Battle: Los Angeles narrowly edges out Rango at the top of a stagnant international box office

Battle: Los Angeles

Sony’s action-sci-fi Battle: Los Angeles remained top of the international market in its third week, grossing $16.3m for $79.6m from 7,746 screens in a week-high 55 territories.

The film opens in Spain this weekend, Germany on April 14 and Italy on April 22.

Paramount’s animated-comedy Rango was second once again, taking $16.1m for $95.2m from 5,946 screens in 54 territories. The top two have now occupied those slots for three consecutive weeks.

It was a stagnant and mainly static week on the international scene, with unremarkable totals, two openings (both US) in the top 30 films, only four non-US films among the top 20 – representing one of the least diverse top 20s since records began – and not one screen average above $5,000 among the top 15 films.

The studios have been coasting in March, gearing up for the spring and summer bonanza, living off average content until Rio gets the blockbuster ball rolling again in early April, while foreign distributors are already retreating from the oncoming juggernauts.

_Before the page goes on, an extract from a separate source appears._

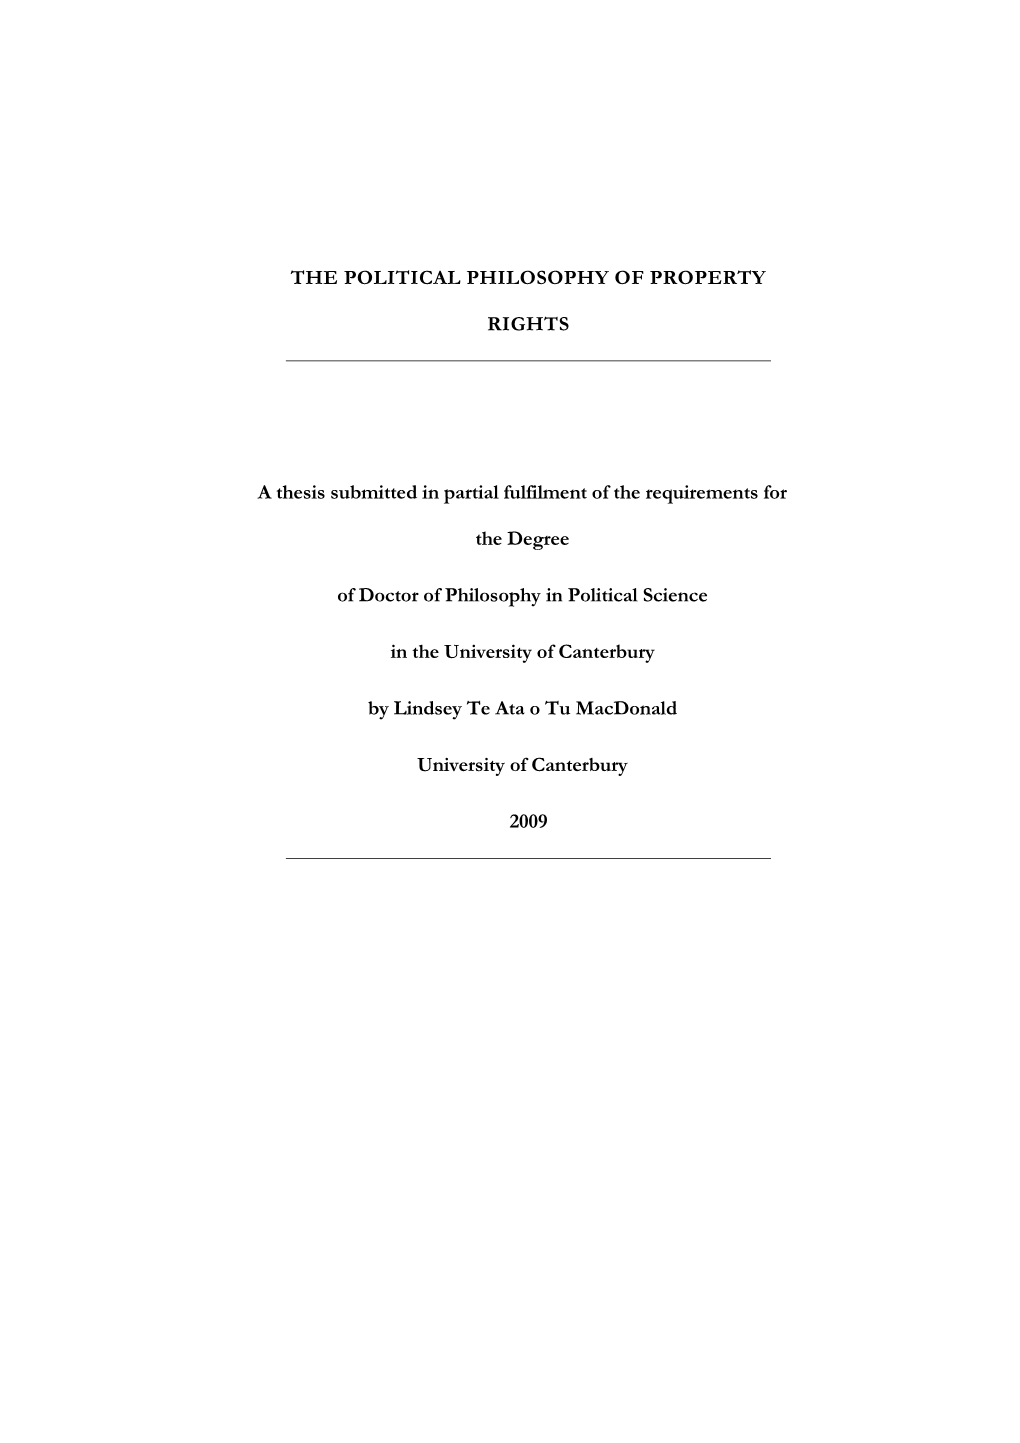 The Political Philosophy of Property Rights, I Am Not Denying That Hohfeld’S Idea of Legal Relations Cannot Be Applied Across Legal Or Even Moral Rights

Sony’s romantic comedy Just Go With It was the biggest improver among the top 15 titles, jumping ten spaces from 13th to 3rd, making $9m in 38 territories, a 94%week-on-week increase in profits.

Warner Bros’ seventh-placed action-adventure Sucker Punch was the week’s only top 20 new entry, grossing $5.8m for a screen average of $3,303 in 21 territories.

Zack Snyder’s latest is the his smallest international opening since 2004 debut Dawn Of The Dead, but is still to open in France, Germany, Russia, UK (all this weekend), Australia, South Korea (both next weekend) and Japan (April 14).

Film Sharks’ Torrente continued to do good business in Spain, making another $2.9m for an impressive $24m, and there were decent holdovers from 23rd-placed Doraemon 2011 in Japan ($2.4m), 24th-placed Nessuno Mi Puo’ Giudicare in Italy ( $2.3m) and 25th-placed Gooische Vrouwen in The Netherlands and Belgium ($2.3m in the two territories). The adaptation of the popular Dutch TV series has now gone three weeks at number one in The Netherlands.